I am lost most of the time. My life is a constant state of trying to find myself again. Forever healing, growing and repeating. Through my trials and tribulations I have discovered that writing has really helped me in my own process. I started this blog as a way to evolve myself and as a way to share with anyone out there that is interested. I for sure do not have the answers to anything, but maybe together we can exchange ideas and find the answers for ourselves. Maybe together we can create a tribe of wandering misfits. We can transcend this Human awakening and become our spiritual beings once again. Everyone seeks a certain type of Utopia, I offer a seat at the table of mine. Come in, rest your restless mind and see if this is a fit for you. Drop some knowledge bombs on me, become a recurring character. I welcome anyone who seeks.

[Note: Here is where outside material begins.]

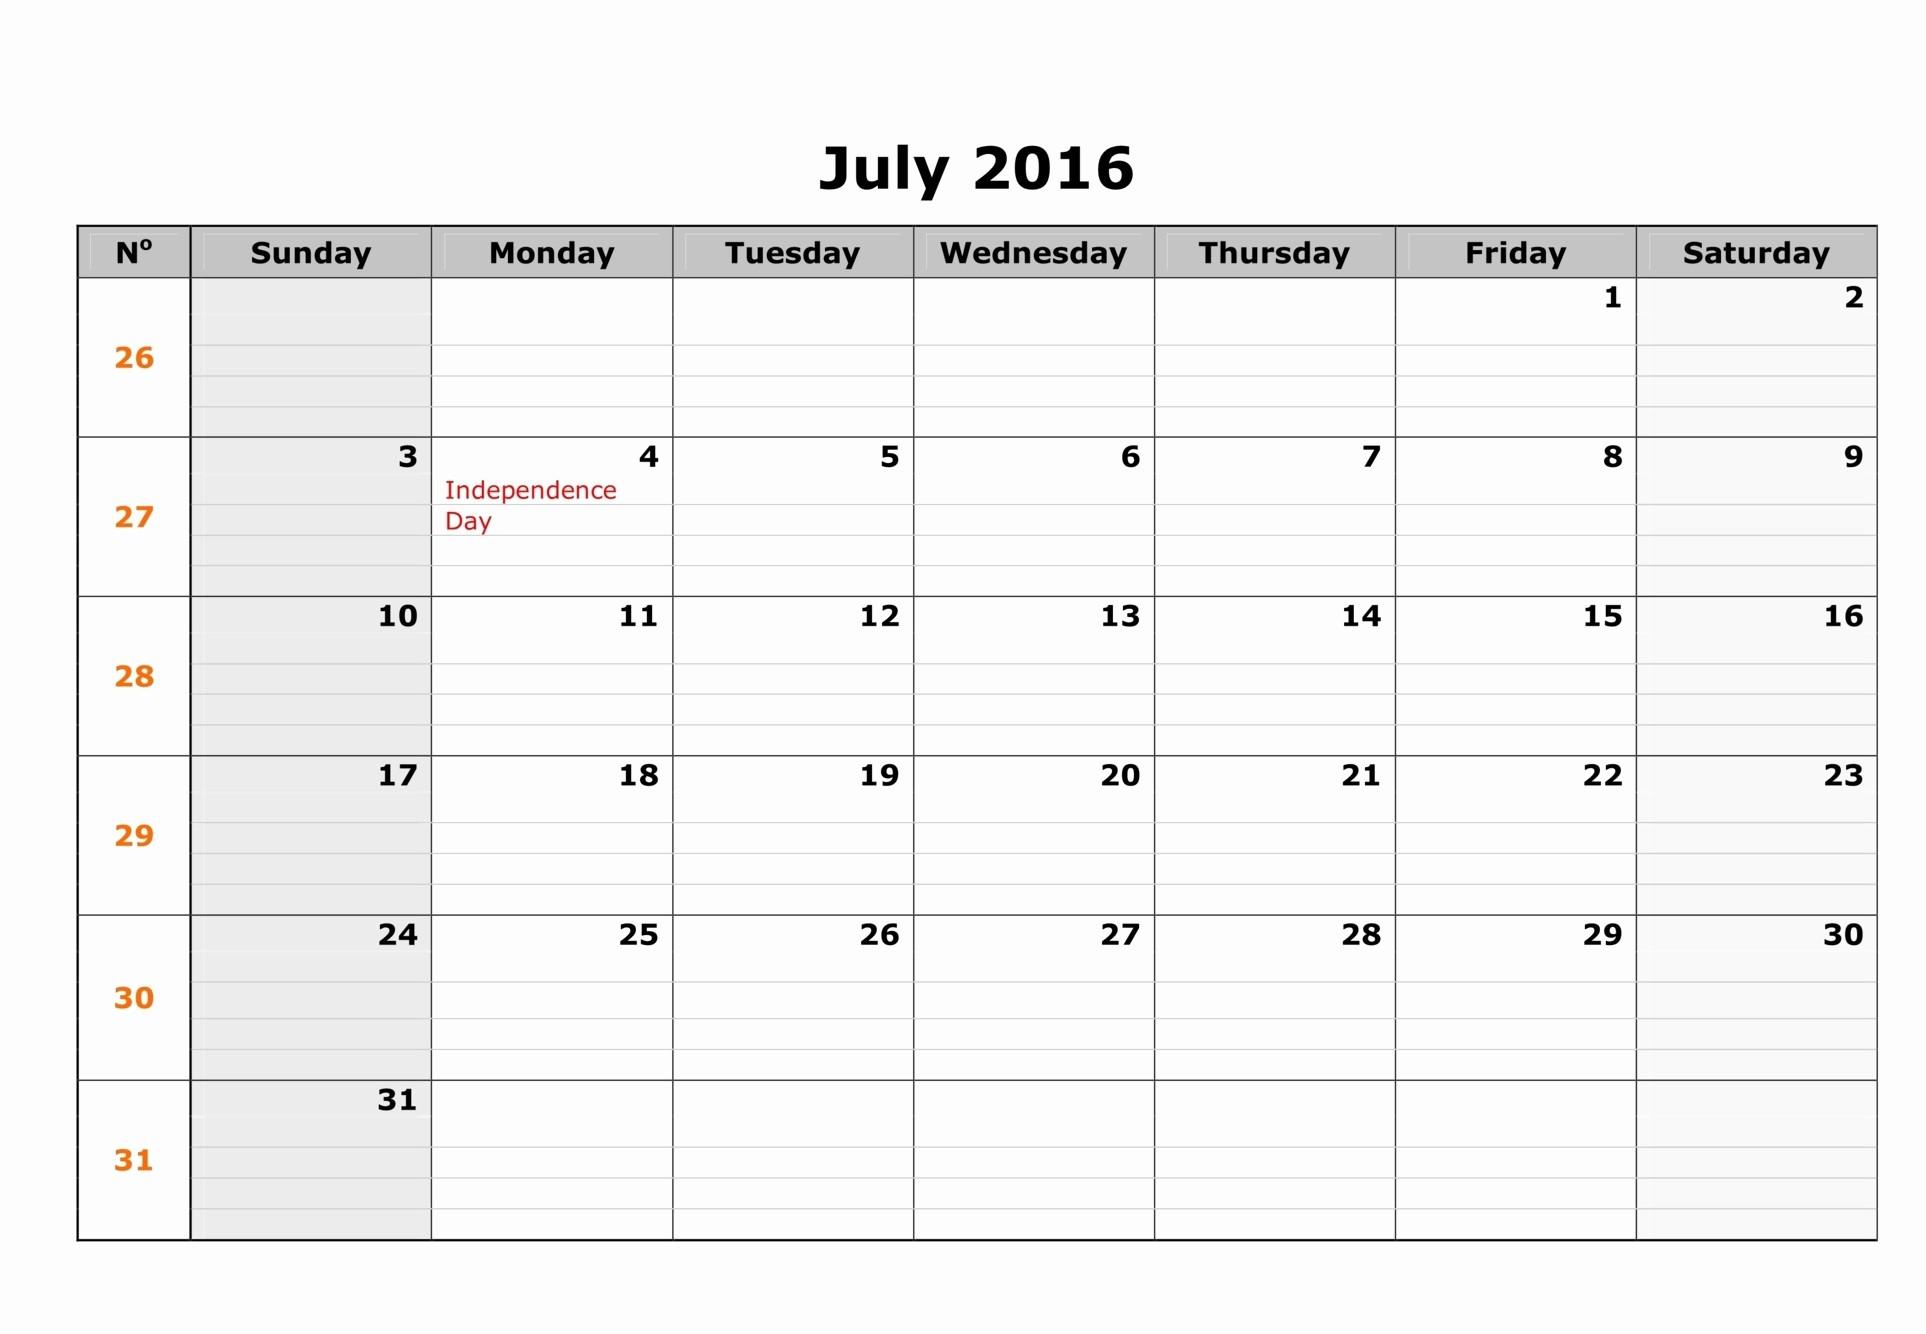 Free Printable Calendar 2016 Templates Luxury July 2016 Weekly Printable Calendar

I labeled this piece the resurrection of Fierce, because I feel like I am bringing myself back from the dead. This is not the first time and I doubt this will be the last time that I will need to resurrect myself. Why Fierce? Well about 8 years ago a good friend of mine named my alter-ego (we are so going to get more into alter-egos). The name she gave it was Fierce. Quite honestly I was not impressed by it. I asked her to explain the name. She answered with whenever I decide to go after something, I do it fiercely. She went on to list examples of things I have accelerated at once I determined I wanted to do it. Like drinking, I was determined to be the best damn drinker out there, I could outdrink anyone no matter how much extra weight you had on me. Pulling all nighters/going on binges, definitely mastered that one, I could go 3/4 days without sleeping or having a proper meal. Being the biggest, hangriest bitch out there, I for sure was in fierce pursuit of that one and killing it.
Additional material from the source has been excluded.